Mais tous ne sont déjà plus détenus. D’août 1940 à mars 1941, les prisonniers de guerre flamands ont été libérés après leur passage devant des « commissions linguistiques » où siègent souvent d’anciens activistes flamingants de 14-18. Leur niveau de tolérance diffère. Certains examinateurs se montrent plus exigeants que d’autres. Mais la sélection ne concerne pas les militaires néerlandophones de l’armée d’active. Ces derniers, au nombre de 2.500, resteront derrière les barbelés. Au total, en avril 1941, tandis que s’achève le travail des « commissions linguistiques », 105.000 militaires flamands sont rentrés en Belgique, leurs homologues francophones et wallons restent, eux, détenus. Un certain nombre d’entre eux pourront néanmoins rentrer. En effet, de mars 1941 au début 1945, 12.960 malades sont rapatriés par trains sanitaires et, sur les 2.574 tentatives d’évasion officiellement recensées, 768 ont bel et bien réussi. Par contre 1.679 prisonniers de guerre belges décèdent en captivité, victimes de maladies, de mauvais traitements ou des suites de bombardements alliés.

2914-retour-pg-1940.jpg
Institution : CegeSoma
Collection : Sipho [Frei gegeben durch zensur]
Légende d'origine : Le retour de prisonniers de Suisse. Ce matin à la gare du Nord sont arrivés 500 internés belges du camp d'Aadorf. Groupe de prisonniers traversant la place Rogier à Bruxelles.

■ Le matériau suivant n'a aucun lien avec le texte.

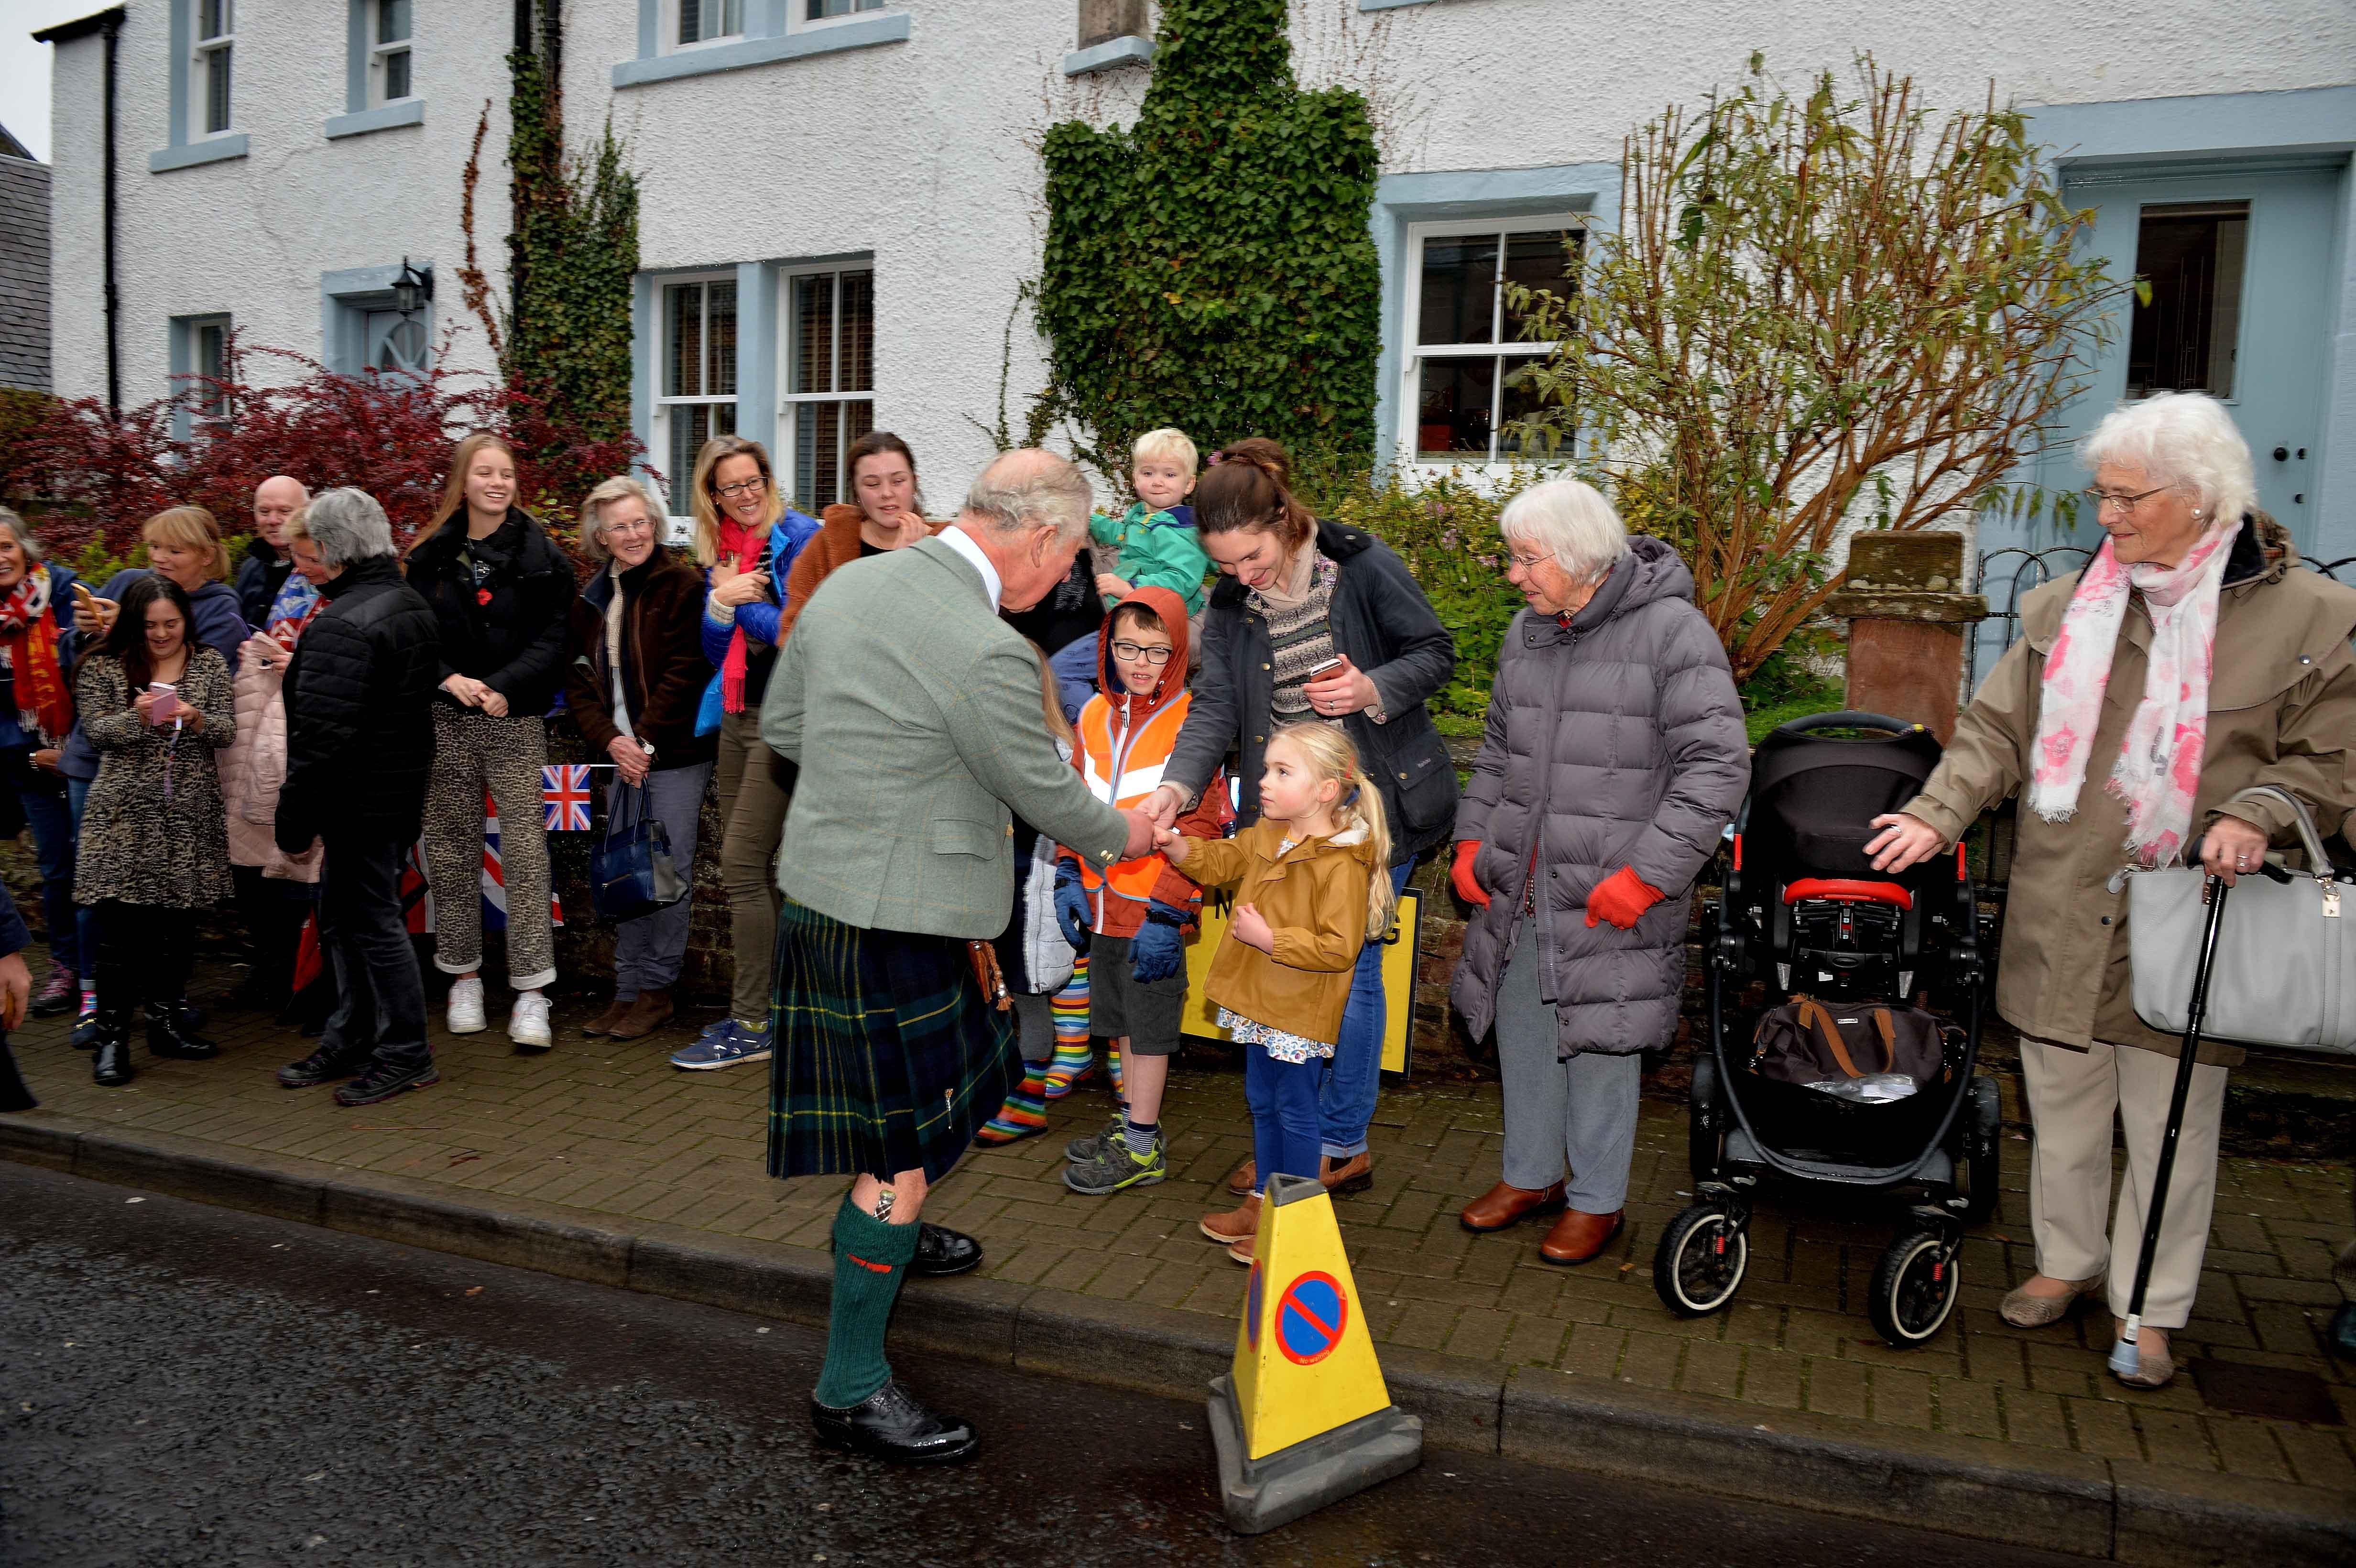 His Royal Highness the Duke of Rothesay meets delighted crowds in St Boswells.

Libérer les prisonniers wallons et francophones ?

En Belgique occupée, la question de la non-libération des prisonniers de guerre wallons a également suscité diverses prises de position. Lors de son entrevue avec Hitler le 19 novembre 1940, Léopold III soulève sans succès la question. À plusieurs reprises, des femmes se mobilisent et en appellent à leur libération. Au printemps 1942, un Comité d’Initiative pour la Libération des Prisonniers wallons lance un vaste pétitionnement dans l’ensemble des communes wallonnes. Diverses initiatives caritatives – Secours d’Hiver, Croix-Rouge de Belgique - voient également le jour. Les mouvements de collaboration – Rex en tête – s’intéressent également à ces hommes. Ne pourraient-ils pas venir gonfler les rangs de la Légion wallonne ? Mais les tentatives en ce sens n’auront guère de succès. 

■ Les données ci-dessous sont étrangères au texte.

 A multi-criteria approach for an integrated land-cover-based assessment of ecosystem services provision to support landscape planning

Au 1er septembre 1942, on compte 70.907 prisonniers de guerre belges, témoignant ainsi du fait, par leur seule présence derrière les barbelés, que la Belgique se situe bel et bien parmi les ennemis du Reich. À la fin du conflit, ils sont encore 64.608 prisonniers de guerre francophones, soit 0,78 % de la population du pays et 2.392 prisonniers de guerre flamands (0,02 % de la population belge et 0,05 % de la communauté néerlandophone).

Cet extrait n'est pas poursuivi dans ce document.